Update Kasus Corona DKI Jumat (25/9): 68.927 Positif, 54.352 Orang Sembuh Tim medis Puskesmas melakukan tes usap terhadap ASN di Kantor Kecamatan Matraman, Jakarta Timur, Selasa (28/7/2020). (ANTARA/HO-Kecamatan Matraman)

MerahPutih.com - Pemprov DKI Jakarta menyampaikan perkembangan terkini kasus corona, Jumat (25/9). Dengan positivity rate 10,9 persen, penambahan kasus positif perhari sebanyak 1.289 jiwa.

Kepala Bidang Pencegahan dan Pengendalian Penyakit, Dinas Kesehatan DKI Jakarta Dwi Oktavia memaparkan, pihaknya telah melakukan tes PCR sebanyak 10.834 spesimen. Dari jumlah tes tersebut, sebanyak 8.144 orang dites PCR hari ini untuk mendiagnosis kasus baru dengan hasil 894 positif dan 7.250 negatif.

"Namun, total penambahan kasus positif sebanyak 1.289 kasus, lantaran terdapat akumulasi data sebanyak 395 kasus dari 14 hari sebelumnya dari 1 laboratorium yang baru dilaporkan," kata Dwi di Jakarta, Jumat (25/9).

Baca Juga:

Rekor Tertinggi, Kasus Harian COVID-19 Tambah 4.823 Orang

Test rate PCR total per 1 juta penduduk sebanyak 82.926. Jumlah orang yang dites PCR sepekan terakhir sebanyak 69.543.
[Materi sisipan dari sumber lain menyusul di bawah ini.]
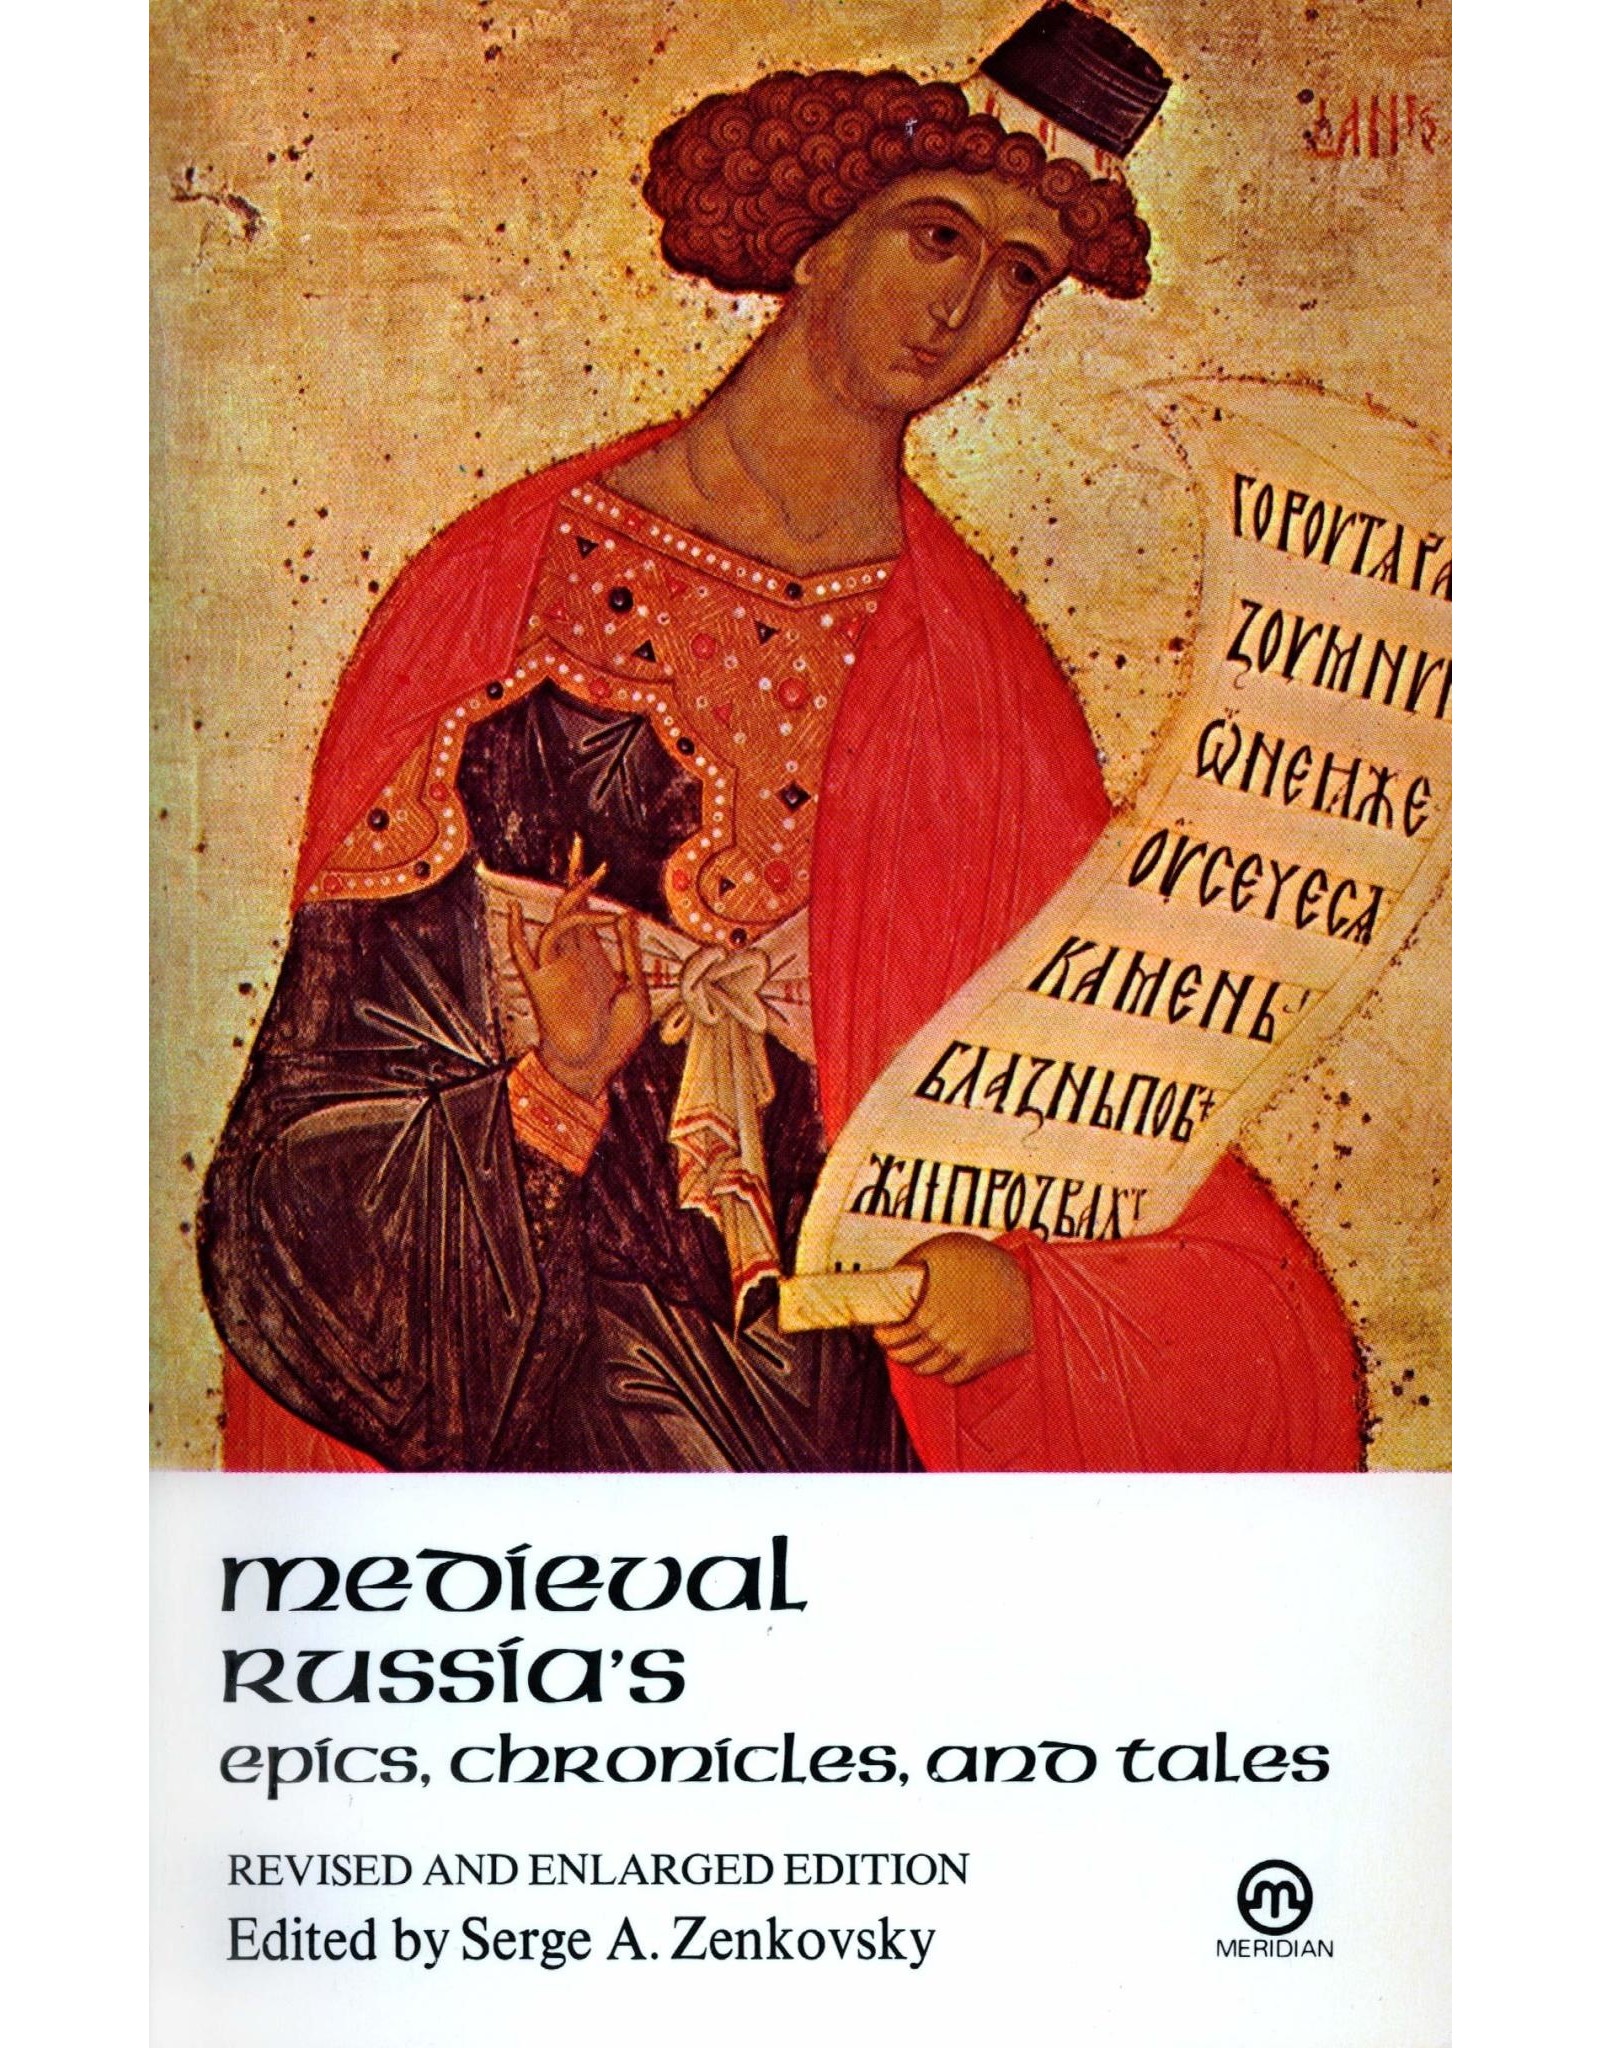 Medieval Russia's Epics, Chronicles, and Tales
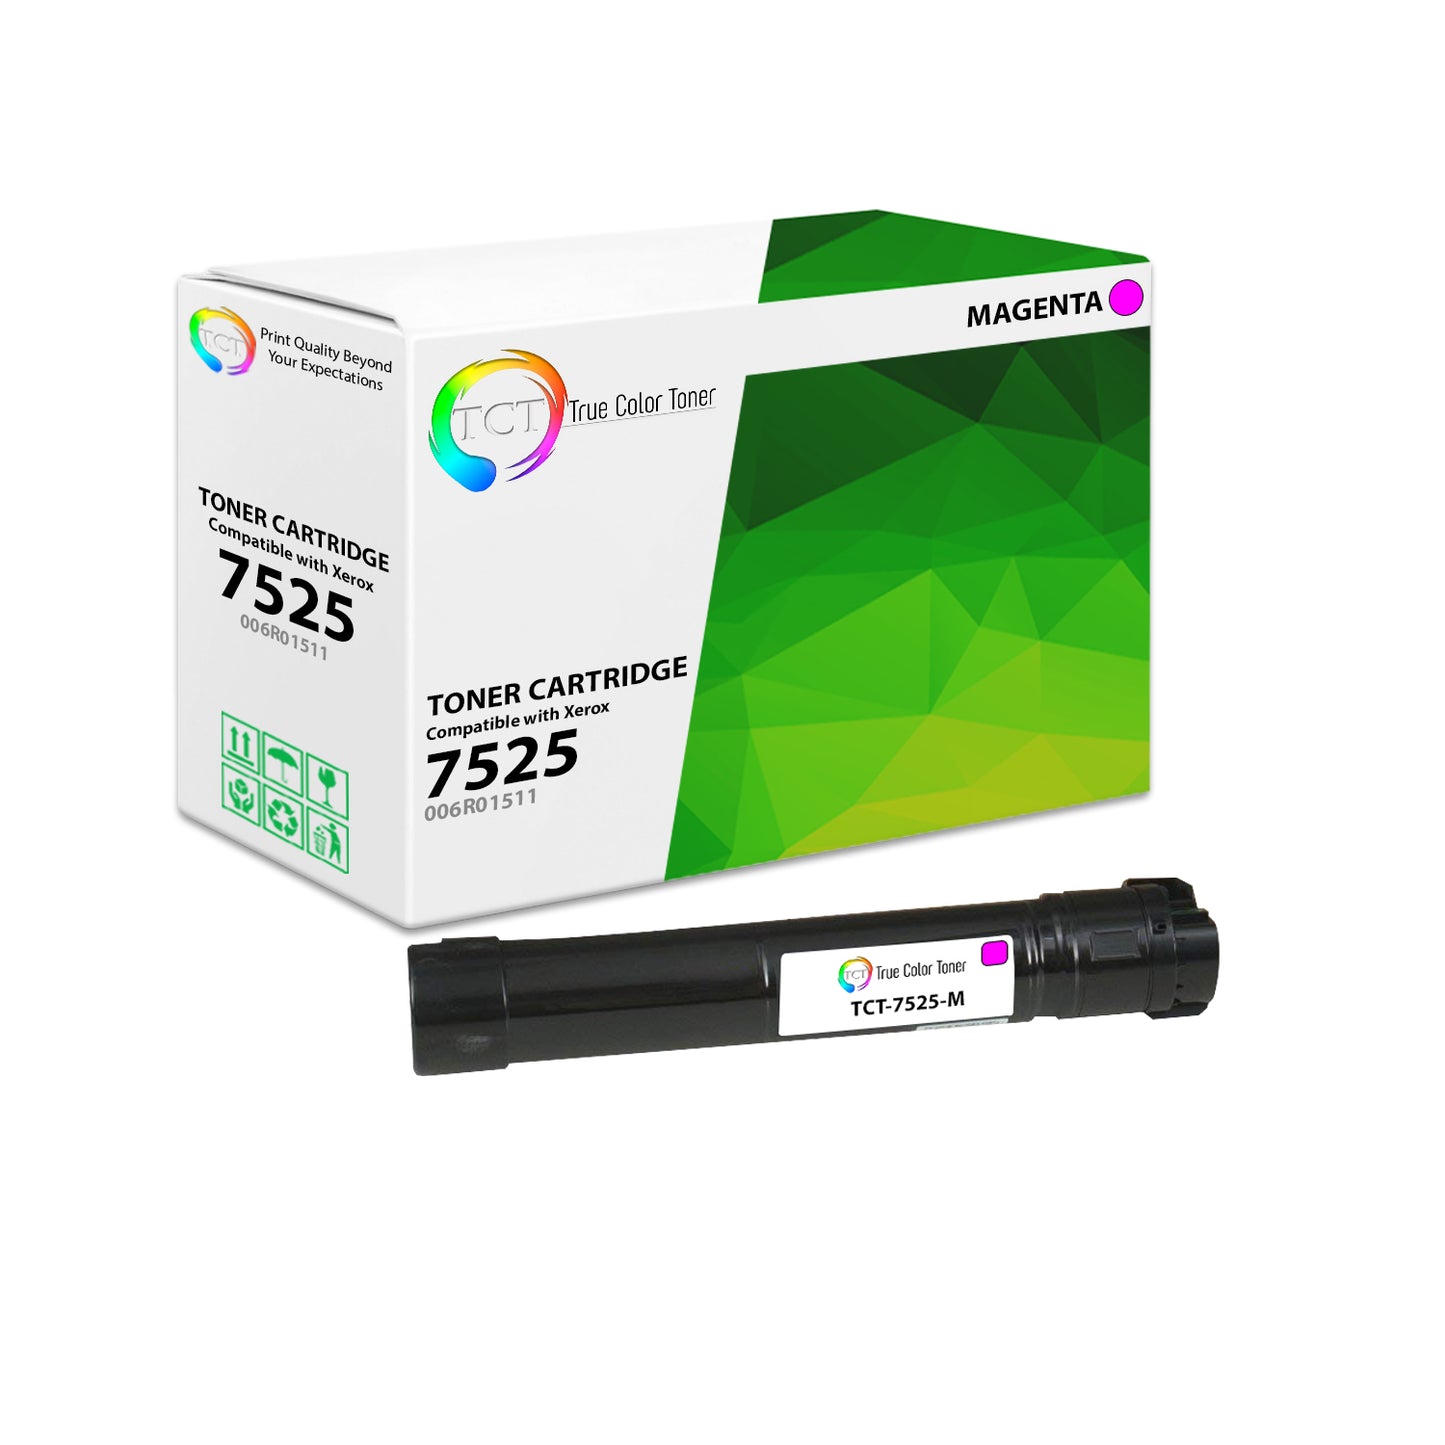 TCT Compatible Toner Cartridge Replacement for the Xerox 7525 Series - 1 Pack Magenta

Adapun jumlah kasus aktif di Jakarta sampai saat ini sebanyak 12.898 orang yang masih dirawat atau isolasi mandiri.

Tenaga medis beraktivitas di halaman tower lima Rumah Sakit Darurat Penanganan COVID-19 Wisma Atlet Kemayoran. ANTARA FOTO/Ariella Annasya/gp/foc.
Tenaga medis beraktivitas di halaman tower lima Rumah Sakit Darurat Penanganan COVID-19 Wisma Atlet Kemayoran. ANTARA FOTO/Ariella Annasya/gp/foc.

Untuk jumlah kasus konfirmasi secara total di Jakarta sampai hari ini sebanyak 68.927 kasus. Dari jumlah total kasus tersebut, total orang dinyatakan telah sembuh sebanyak 54.352 dengan tingkat kesembuhan 78,9 persen, dan total 1.677 orang meninggal dunia dengan tingkat kematian 2,4 persen.

Untuk positivity rate atau persentase kasus positif sepekan terakhir di Jakarta sebesar 10,9 persen, sedangkan persentase kasus positif secara total sebesar 7,8 persen.

Baca Juga:

Pemprov DKI Cari Lahan Baru untuk Pemakaman Jenazah COVID-19

Positivity rate di ibu kota itu melebihi standar kasus positif yang ditetapkan organisasi kesehatan dunia atau WHO yang hanya sebesar 5 persen.

"WHO juga menetapkan standar persentase kasus positif tidak lebih dari 5," tuturnya.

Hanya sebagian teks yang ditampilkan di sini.